Eligibility Criteria
Inclusion Criteria
- Clinical diagnosis of Systemic Lupus Erythematosus (SLE) confirmed by Systemic Lupus International Collaborating Clinics (SLICC) classification criteria
- Moderate to severe SLE disease activity
- Evidence for at least 1 of the following SLE markers:
- Anti-dsDNA antibodies confirmed by central laboratory or
- Low complement confirmed by central laboratory or
- Antinuclear antibody (ANA) titer of >= 1:80 in combination with at least 1 of the following: Historical positivity for anti-dsDNA or Positivity for extractable nuclear antigen (anti-ENA) confirmed by central laboratory
- The subject is receiving stable SLE standard-of-care medication
Exclusion Criteria
- Mixed connective tissue disease, scleroderma, and/or overlap syndromes of SLE
- Subjects with severe neuropsychiatric SLE or other neurological symptoms that in the opinion of the Investigator, would prevent the subject from completing protocol required procedures and assessments.
- New or worsening Class III or IV lupus nephritis
- Chronic kidney failure stage 3b
- Evidence of human immunodeficiency virus (HIV) infection, agammaglobulinemias, T-cell deficiencies, or human T-cell lymphotropic virus-1 infection at any time prior to or during the study
- Clinically significant active or latent infection (eg. chronic viral hepatitis B or C)
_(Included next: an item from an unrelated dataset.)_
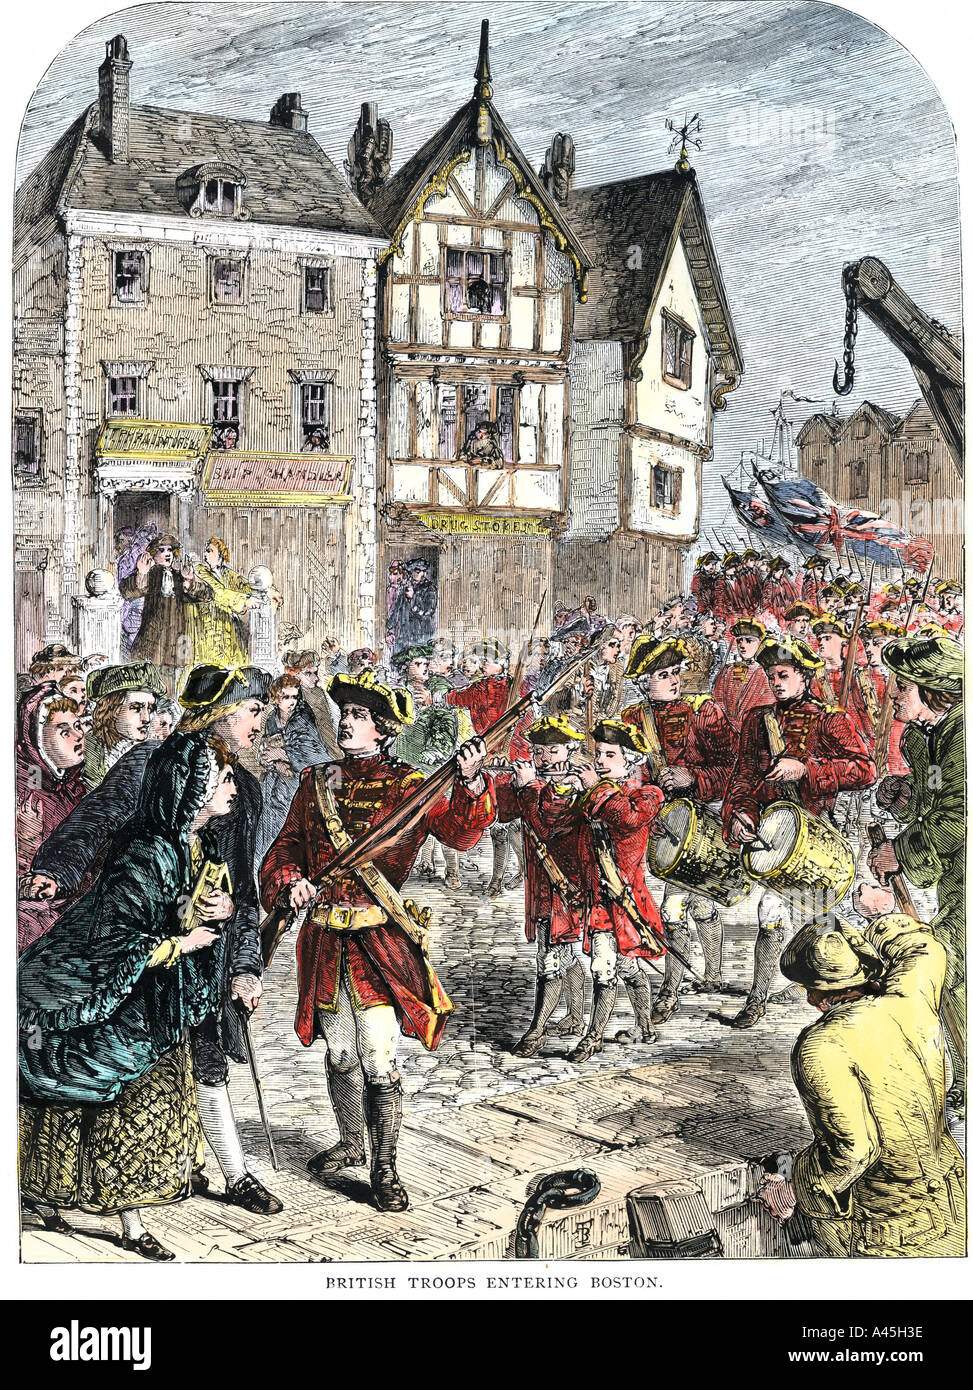 Britische Truppen in Boston Besteuerung und andere Rechtsvorschriften der Kolonialzeit vor der Amerikanischen Revolution durchzusetzen. Hand - farbige Holzschnitt Stockfoto

- Known tuberculosis (TB) infection, at high risk of acquiring TB infection, or latent TB (LTB) infection
- Live/live attenuated vaccines within 6 weeks prior to the first study drug infusion (Visit 2) or who plan to receive these vaccines during the study or 12 weeks after the final dose of study drug
- History of thromboembolic events within 12 months of screening
- Subject has used protocol defined prohibited medications
Data sourced from ClinicalTrials.gov (NCT02804763). Outcome figures and adverse-event rates are extracted automatically from the registry's posted results and are provided for clinician reference, not as a substitute for the primary publication.